* Work task
Every word in the data below belongs in your copy, exactly as given; the pictures do not.

* Data segment
-------

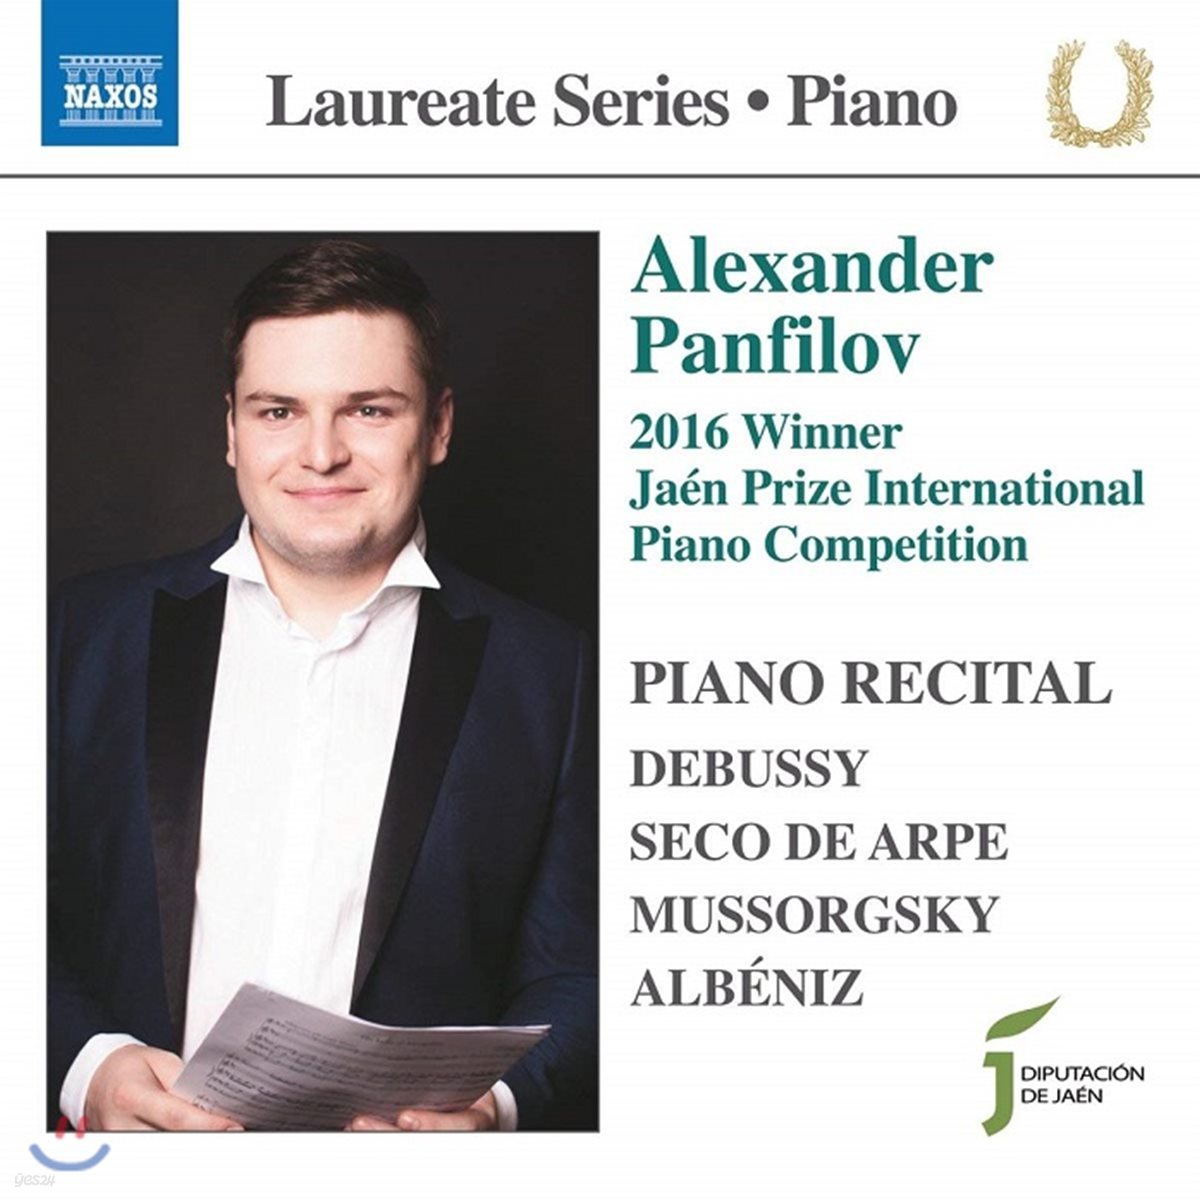 알렉산드르 판필로프 - 피아노 리사이틀 (Alexander Panfilov - Piano Recital)
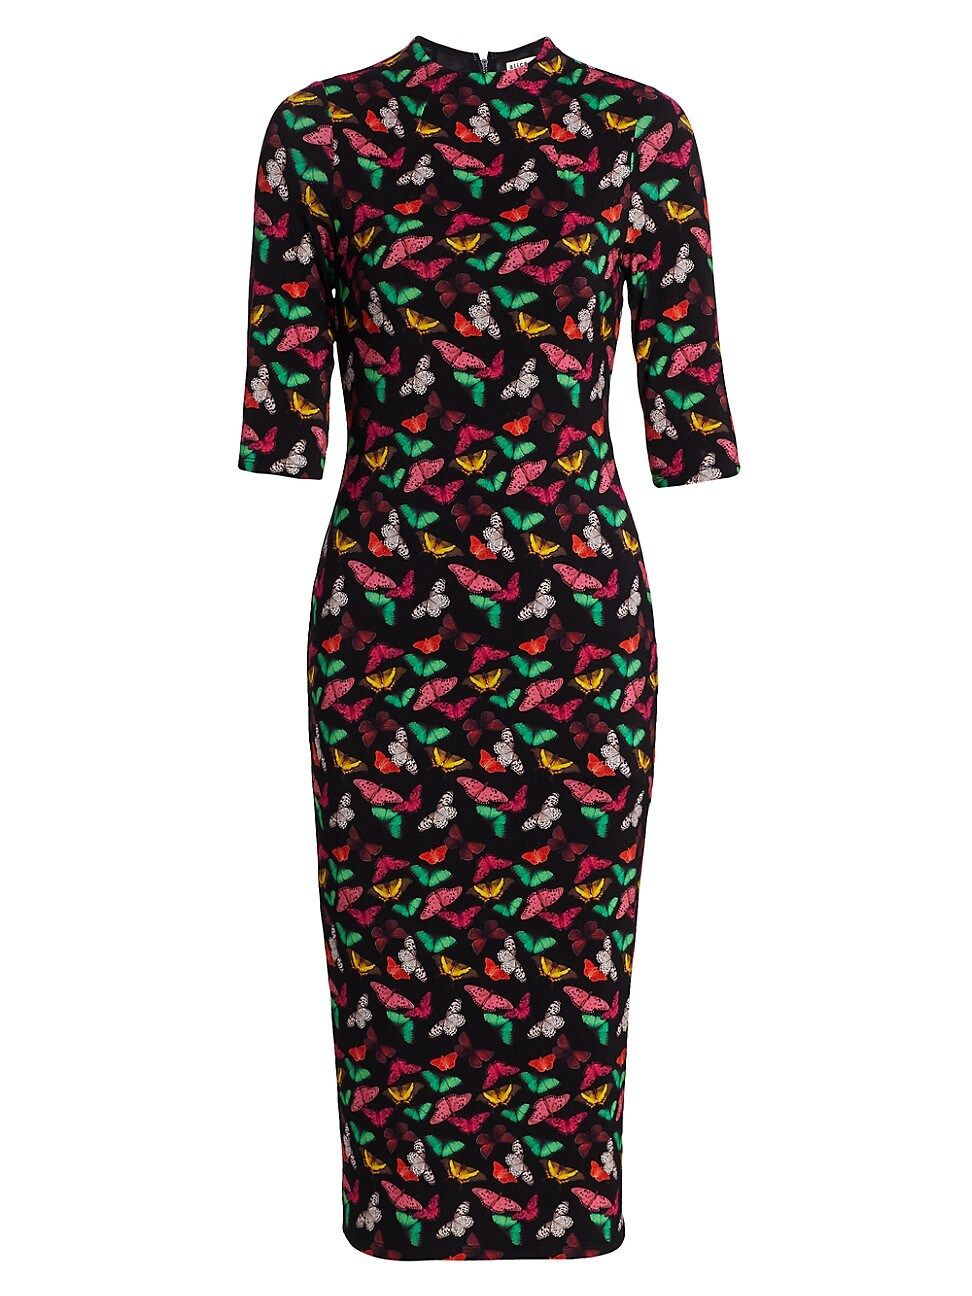 Alice + Olivia Women's Delora Knit Bodycon Dress - Small Butterflies - Size 10 | Saks Fifth Avenue
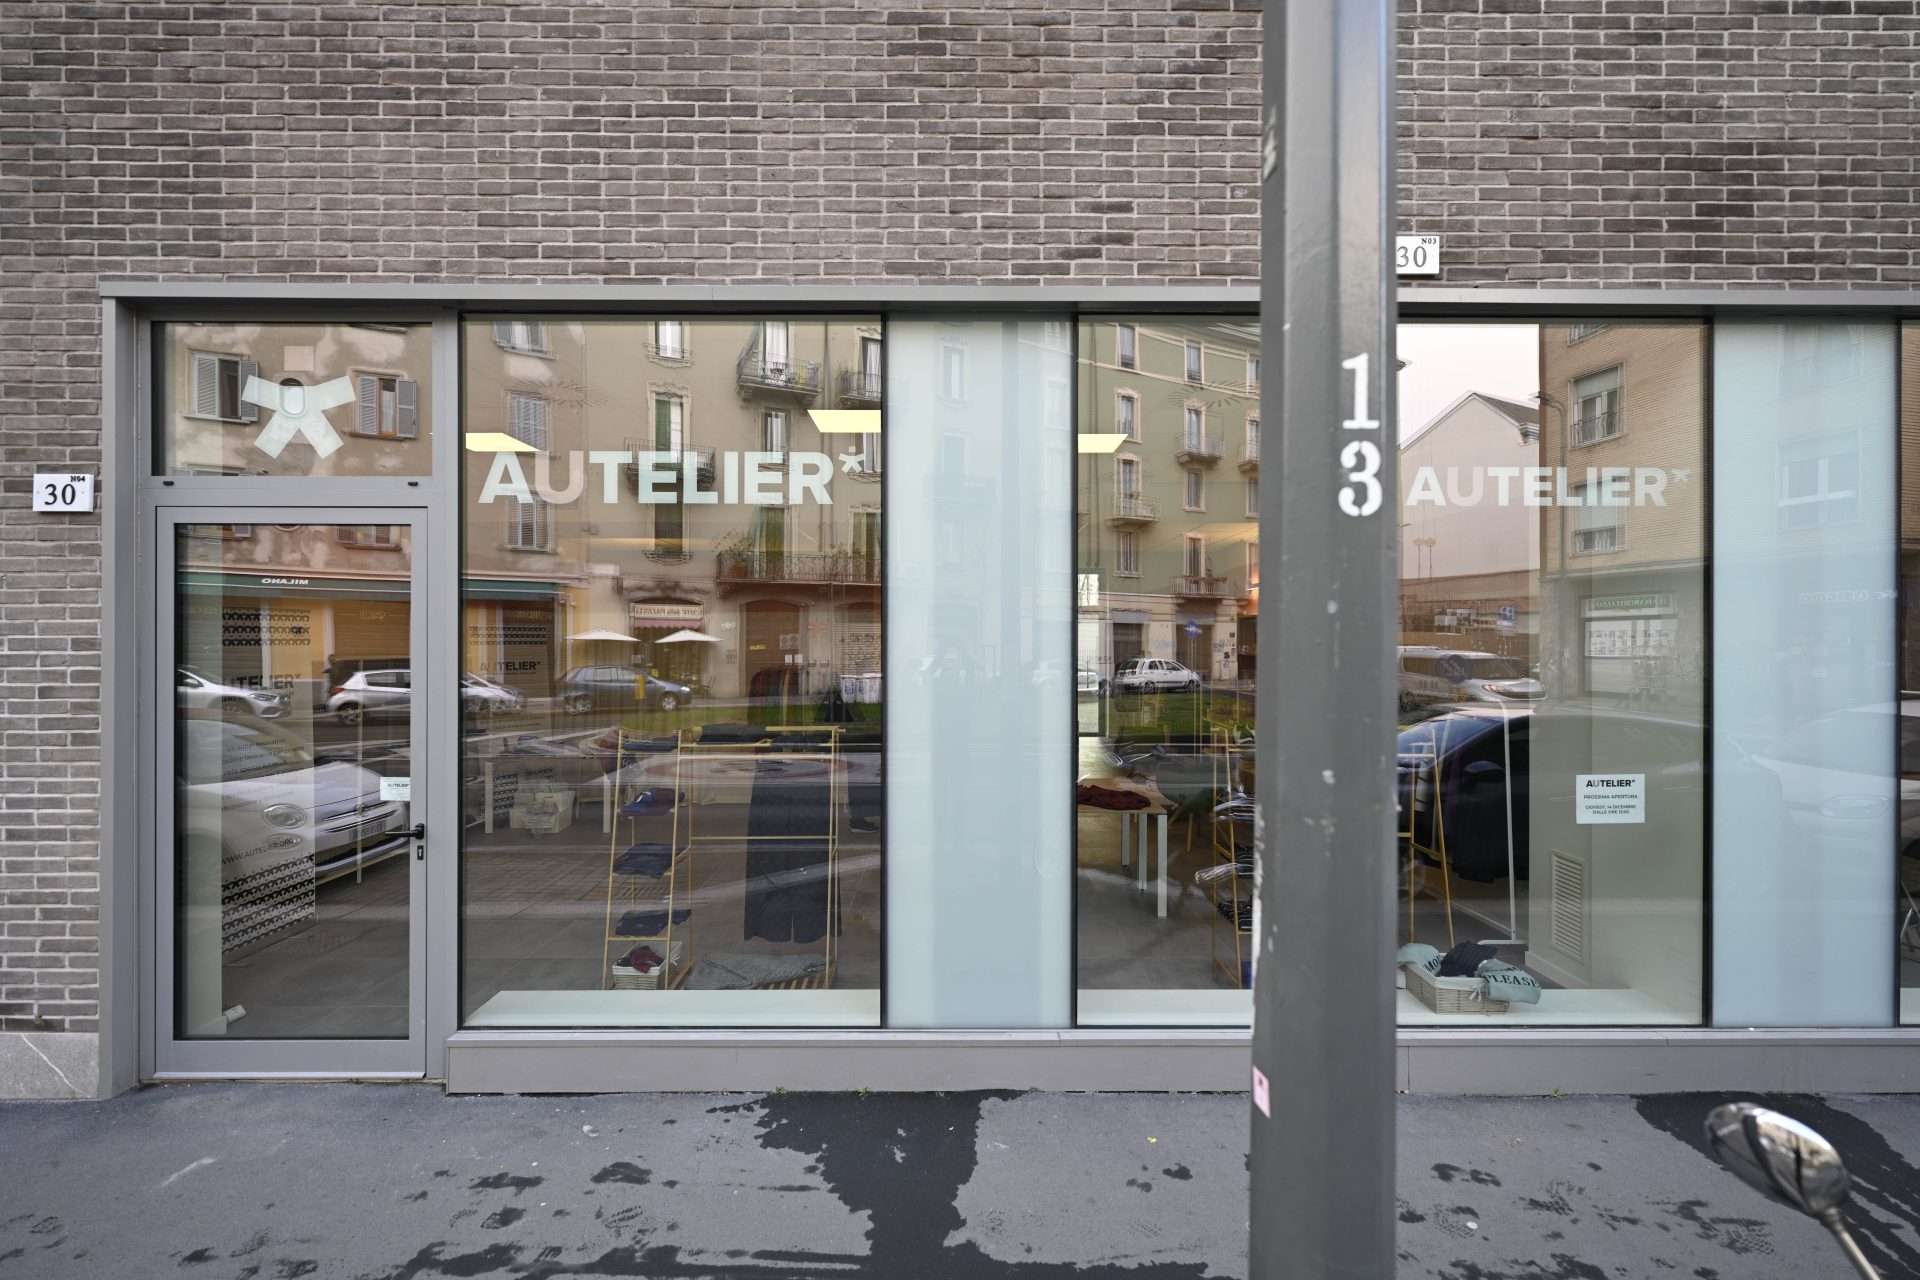 L'esterno del negozio visto dalla strasa, due vetrine con scritto "Autelier"

-------

* Written response
 알렉산드르 판필로프 - 피아노 리사이틀 (Alexander Panfilov - Piano Recital)
 Alice + Olivia Women's Delora Knit Bodycon Dress - Small Butterflies - Size 10 | Saks Fifth Avenue
 L'esterno del negozio visto dalla strasa, due vetrine con scritto "Autelier"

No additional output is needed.